<h1>Table of Contents<span class="tocSkip"></span></h1>


# Introduction
<hr style = "border:2px solid black" ></hr>


**What?** Sound classification



# Plan of attack
<hr style = "border:2px solid black" ></hr>


- We will start with sound files, convert them into spectrograms, input them into a CNN plus linear classifier model and produce predictions about the class to which the sounds belongs.

- A **linear classifier** is based on the value of a linear combination of the characteristics. An object's characteristics are also known as feature values and are typically presented to the machine in a vector called a **feature vector**.
    


![image.png](attachment:image.png)

# Import modules
<hr style = "border:2px solid black" ></hr>

In [None]:
import pandas as pd
from pathlib import Path
import math, random
import torch
import torchaudio
from torchaudio import transforms
from IPython.display import Audio
from torch.utils.data import DataLoader, Dataset, random_split
import torchaudio
from torch.utils.data import random_split
import torch.nn.functional as F
from torch.nn import init

# Import dataset
<hr style = "border:2px solid black" ></hr>


- For our demo, we will use the Urban Sound 8K dataset that consists of a corpus of ordinary sounds recorded from day-to-day city life. 
- The sounds are taken from 10 classes such as drilling, dogs barking, and sirens.
- The adataset, we see that it consists of two parts:

    - Audio files in the ‘audio’ folder: It has 10 sub-folders named ‘fold1’ through ‘fold10’. Each sub-folder contains a number of ‘.wav’ audio samples eg. ‘fold1/103074–7–1–0.wav’
    - Metadata in the ‘metadata’ folder: It has a file ‘UrbanSound8K.csv’ that contains information about each audio sample in the dataset such as its filename, its class label, the ‘fold’ sub-folder location, and so on. The class label is a numeric Class ID from 0–9 for each of the 10 classes. eg. the number 0 means air conditioner, 1 is a car horn, and so on.
        


In [None]:
download_path = Path.cwd()/'UrbanSound8K'

# Read metadata file
metadata_file = download_path/'metadata'/'UrbanSound8K.csv'
df = pd.read_csv(metadata_file)
df.head()

# Construct file path by concatenating fold and file name
df['relative_path'] = '/fold' + df['fold'].astype(str) + '/' + df['slice_file_name'].astype(str)

# Take relevant columns
df = df[['relative_path', 'classID']]
df.head()

# Pre-processing
<hr style = "border:2px solid black" ></hr>


- This training data with audio file paths cannot be input directly into the model. We have to load the audio data from the file and process it so that it is in a format that the model expects.

- This audio pre-processing will all be done dynamically at runtime when we will read and load the audio files. This approach is similar to what we would do with image files as well. Since audio data, like image data, can be fairly large and memory-intensive, we don’t want to read the entire dataset into memory all at once, ahead of time. So we keep only the audio file names (or image file names) in our training data.
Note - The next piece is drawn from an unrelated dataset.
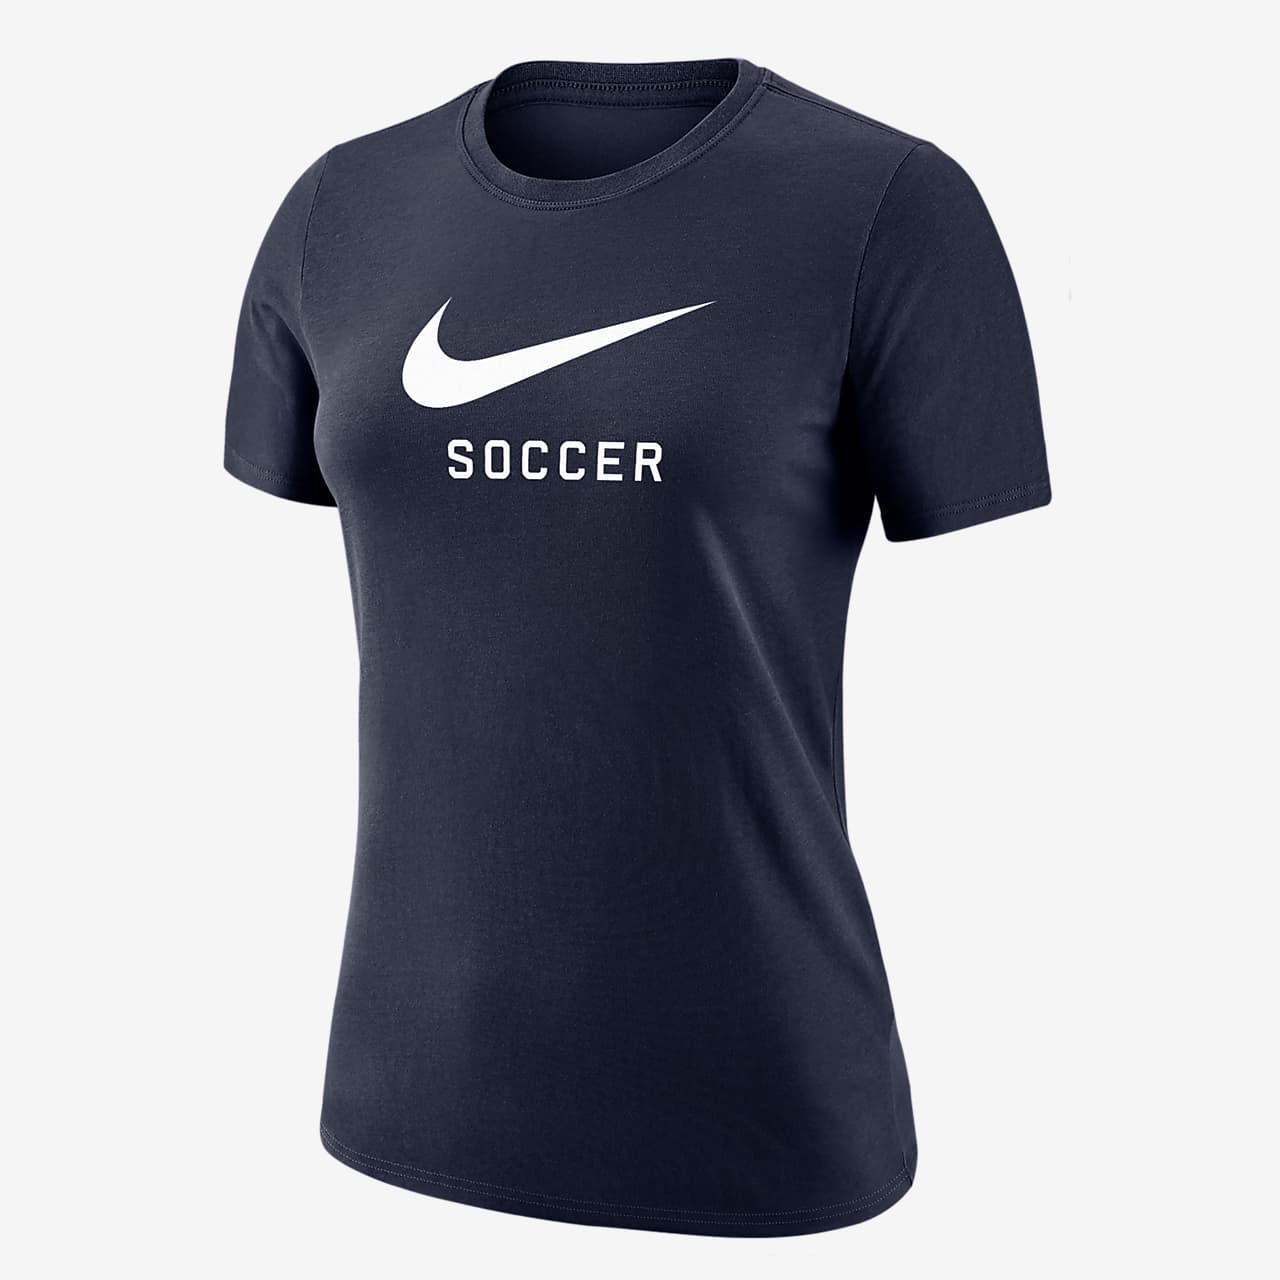 Nike Swoosh Women's Soccer Short-Sleeve T-Shirt.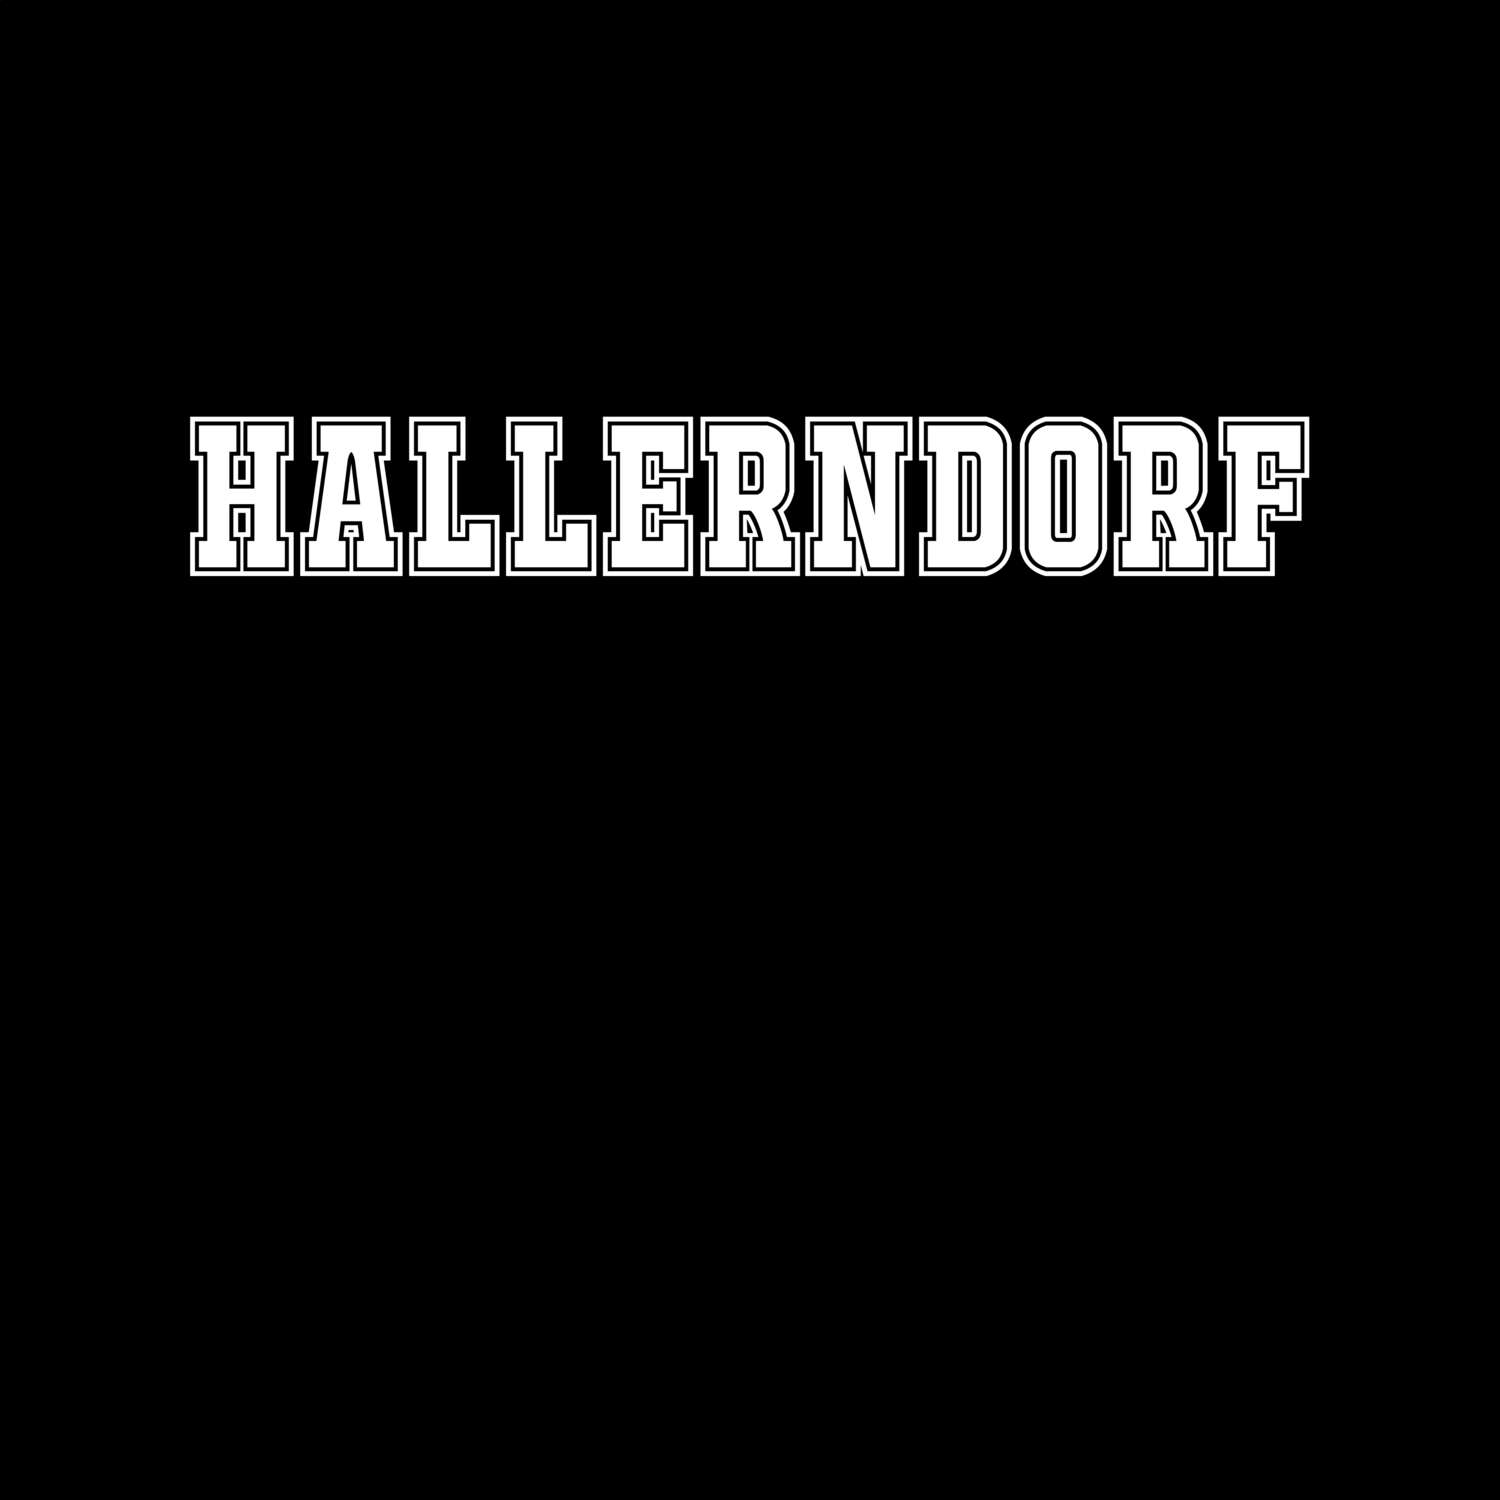 Hallerndorf T-Shirt »Classic«

- Then, at runtime, as we train the model one batch at a time, we will load the audio data for that batch and process it by applying a series of transforms to the audio. That way we keep audio data for only one batch in memory at a time.

- With image data, we might have a pipeline of transforms where we first read the image file as pixels and load it. Then we might apply some image processing steps to reshape and resize the data, crop them to a fixed size and convert them into grayscale from RGB. We might also apply some image augmentation steps like rotation, flips, and so on.
    


![image.png](attachment:image.png)

`def open()`
- The first thing we need is to read and load the audio file in “.wav” format. 
- Since we are using Pytorch for this example, the implementation below uses torchaudio for the audio processing, but librosa will work just as well.

`def rechannel()`
- Some of the sound files are mono (ie. 1 audio channel) while most of them are stereo (ie. 2 audio channels). 
- Since our model expects all items to have the same dimensions, we will convert the mono files to stereo, by duplicating the first channel to the second.

`def pad_trunc()`
- We then resize all the audio samples to have the same length by either extending its duration by padding it with silence, or by truncating it. 
- We add that method to our AudioUtil class.

`def time_shift()`
- Next, we can do data augmentation on the raw audio signal by applying a Time Shift to shift the audio to the left or the right by a random amount. 

`def spectro_gram()`
- We then convert the augmented audio to a Mel Spectrogram. 
- They capture the essential features of the audio and are often the most suitable way to input audio data into deep learning models.

`def spectro_augment()`
  
- Now we can do another round of augmentation, this time on the Mel Spectrogram rather than on the raw audio. We will use a technique called SpecAugment that uses these two methods:
    - **Frequency mask** — randomly mask out a range of consecutive frequencies by adding horizontal bars on the spectrogram.
    - **Time mask** — similar to frequency masks, except that we randomly block out ranges of time from the spectrogram by using vertical bars. 


In [None]:
class AudioUtil():
    """
    Load an audio file. 

    Return
    ------
    The signal as a tensor and the sample rate
    """
    @staticmethod
    def open(audio_file):
        sig, sr = torchaudio.load(audio_file)
        return (sig, sr)

    # Convert the given audio to the desired number of channels
    @staticmethod
    def rechannel(aud, new_channel):
        sig, sr = aud

        if (sig.shape[0] == new_channel):
            # Nothing to do
            return aud

        if (new_channel == 1):
            # Convert from stereo to mono by selecting only the first channel
            resig = sig[:1, :]
        else:
            # Convert from mono to stereo by duplicating the first channel
            resig = torch.cat([sig, sig])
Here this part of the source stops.